Mr. Jezierski also developed a strategy for building communities consisting of academia, software vendors, other technical partners, customers and grassroots participants by initiating new SharedSource approach for engineering at Microsoft. There are now more than 25,000 registered members and hundreds of thousands of lines of source code shared between the participants, while still maintaining acceptable IP protection for Microsoft and other members. A practitioner of agile software-design approaches, he has built and led numerous global teams in producing mission-critical assets in just months, and has presented on software architectures and design approaches for large distributed systems in conferences around the globe. Most recent development arenas include transactional and analytics systems, software systems integration, scalable web services, and user interface design.

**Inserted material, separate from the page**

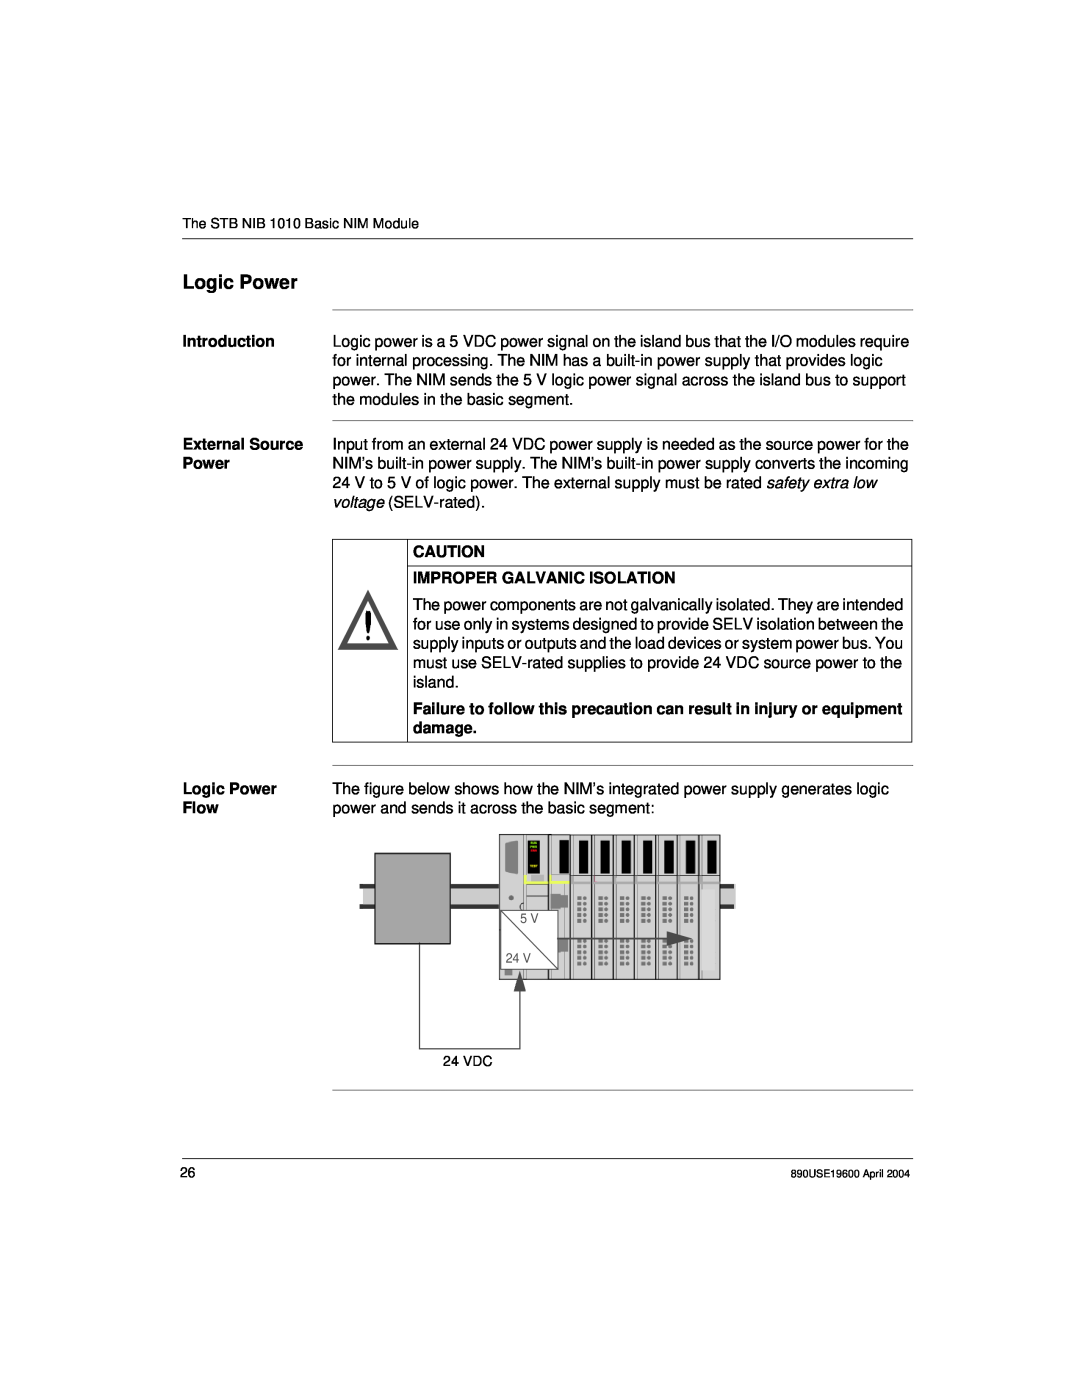 Schneider Electric 890USE19600 Version 1.0 manual Logic Power, the modules in the basic segment, voltage SELV-rated, island 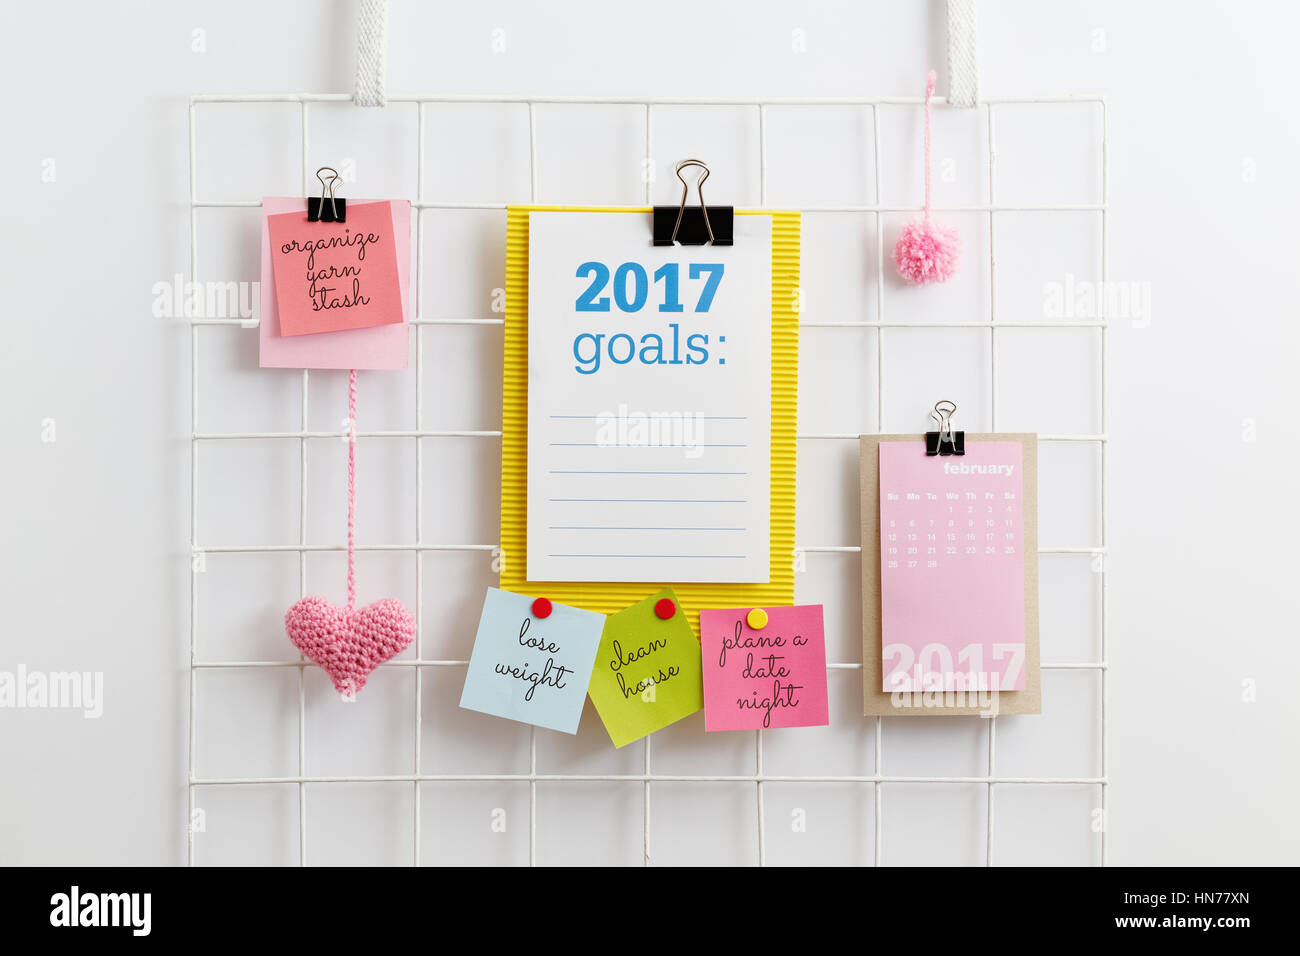 New Year's Resolutions. Paper note written with 2017 GOALS on diy metal mesh grid wall organizer. Metal grid display with pink heart and pom pom. Stock Photo

He helped found a team at Microsoft dedicated to starting new businesses by providing an internal venture capital model and growing innovation practices and entrepreneurship in the company, working directly with the staff of the Chief Software Architect. He contributed to defining strategy and early execution of the new group and delivered prototypes in the domain of mesh architectures, real-time communications and immersive web environments for long-tail retail. Several of these prototypes were designed, written, and validated in the field in collaboration with Microsoft’s Humanitarian Systems Group.